As I’ve said before, there is more to this than history. And certainly, there is more to it than what is politically correct. If I hope to accomplish anything with this post, it is to point out that the complexity of Mary Magdalene’s appeal far exceeds what appears in popular news media, and that there are some potential pitfalls in the current feminist understanding of same.

Da Vinci, slowed…

Today, in spite of a mean headcold, I caught a matinee showing of The Da Vinci Code. I probably would have waited to see it, but darn that Fandango.com, they just make it too easy to buy tickets in advance. I purchased them on Thursday just in case the theater was sold out, given that this is the opening weekend for the “biggest film event of the year.” I needn’t have worried; the theater was only filled to about 60% of capacity.

The most remarkable thing I can say about the movie is that it played out on the screen almost exactly like it played out in my head as I read Dan Brown’s novel. Now, this can mean a couple of things. Either Dan Brown is very good at generating in his readers the setting he has in mind, or Ron Howard was so painstakingly faithful to the book that not a prop was out of place. Perhaps both possibilities are true, but whatever the case, the end result is that I watched the movie feeling like I had already seen it. Sure, it was fun to see Tom Hanks, Audrey Tautou, Ian McKellen and Jean Reno acting out the characters that had mostly remained faceless in my mind’s eye, but I was also perfectly comfortable getting up for some popcorn during the film without feeling like I would miss anything important.

Dull, plodding, boring, literalistic; these are all adjectives used by critics when referring to the movie. I had hoped that having lived my life with DVC for the last few years would have rendered the experience a bit more exciting, but what I found was that the criticisms of the movie were perfectly warranted.
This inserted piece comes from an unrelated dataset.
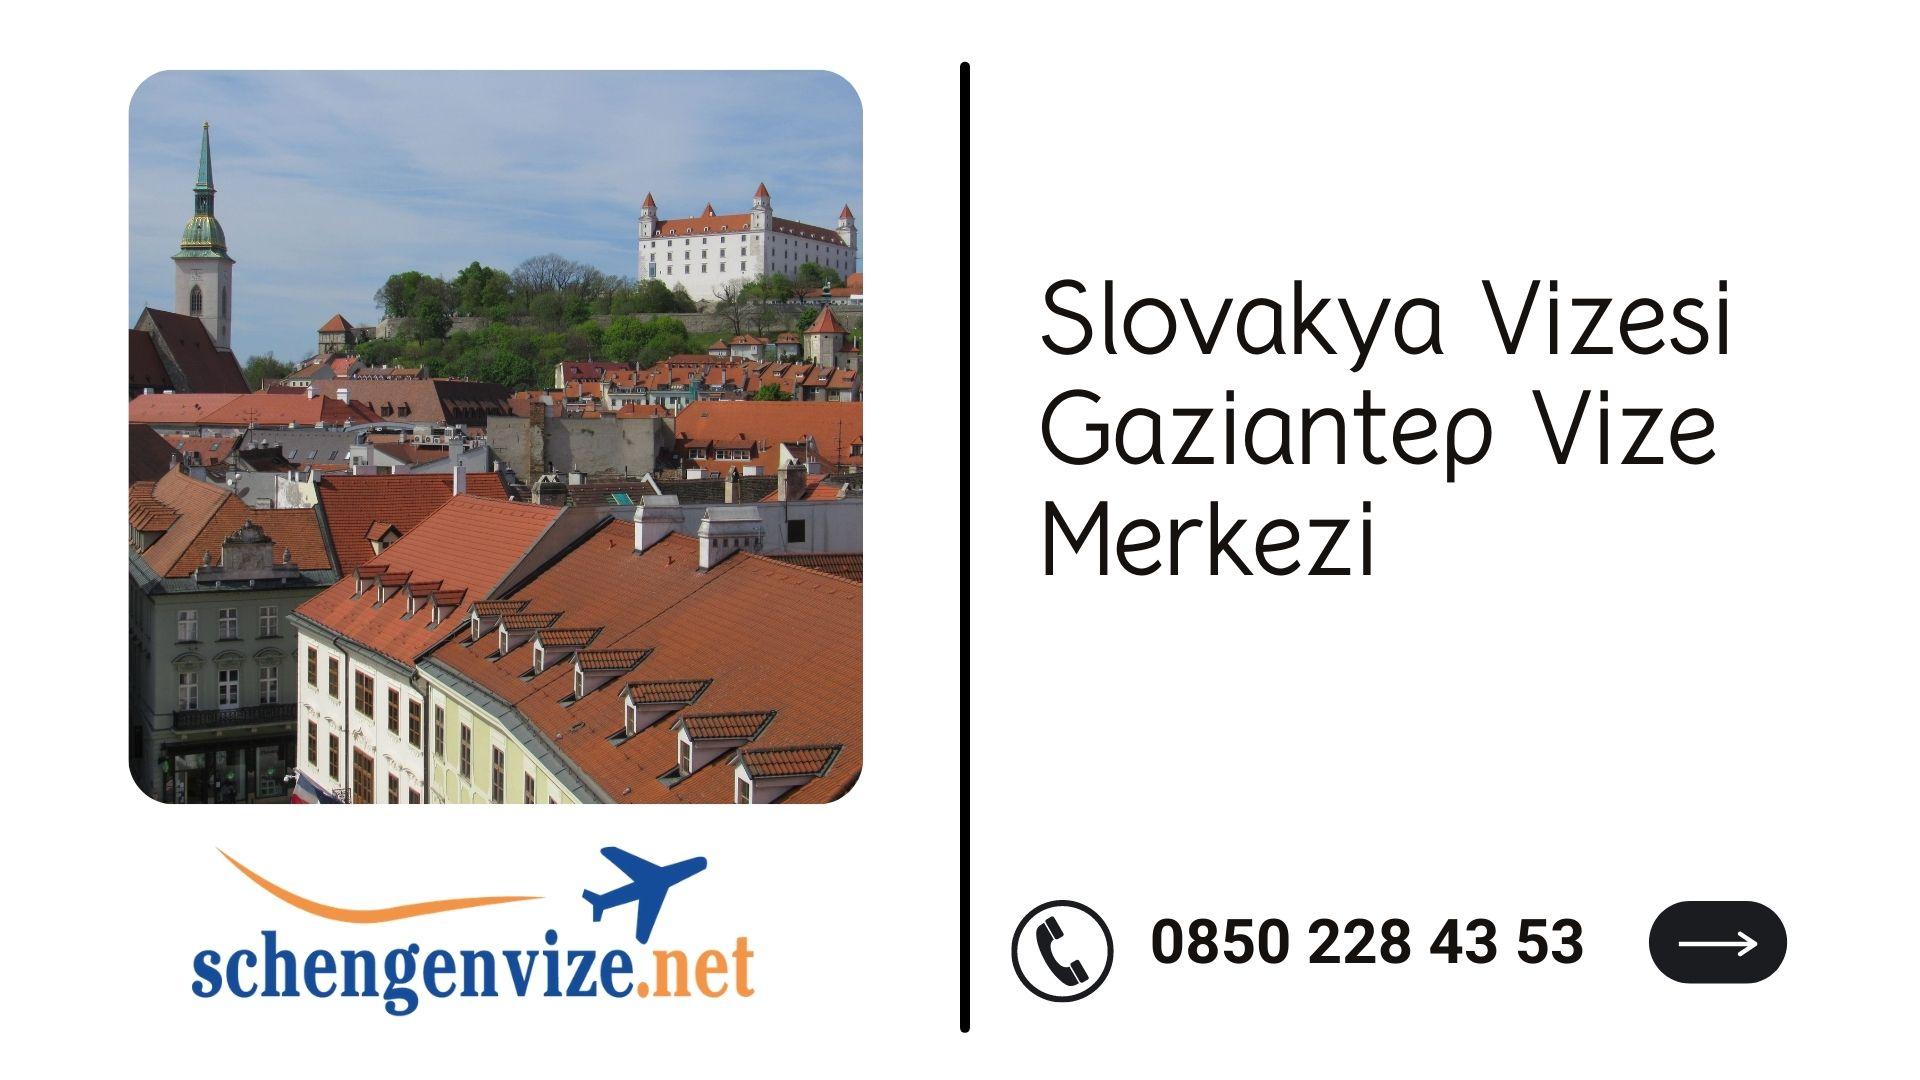 Slovakya Vizesi Gaziantep Vize Merkezi

I was impressed by the film’s deft avoidance of the more controversial dialogue in the novel, though, and was almost interested by a few flashbacks of a pregnant Mary Magdalene with curly red hair. I’ll admit that the hair on the back of my neck stood up at least once during a couple of dramatic pans of Mary Magdalene’s sarcophagus, heightened as they were by a fantastic film score. Magdalene’s alabaster jar even made more than one appearance in the movie, but tragically, it contained a single red rose. (Could there be anything more cliché than a single, long-stemmed red rose, under any circumstance? Hello, Phantom of the Opera. Why not a lily? It would have even been appropriate given the importance placed on the fleur-de-lis in the story.)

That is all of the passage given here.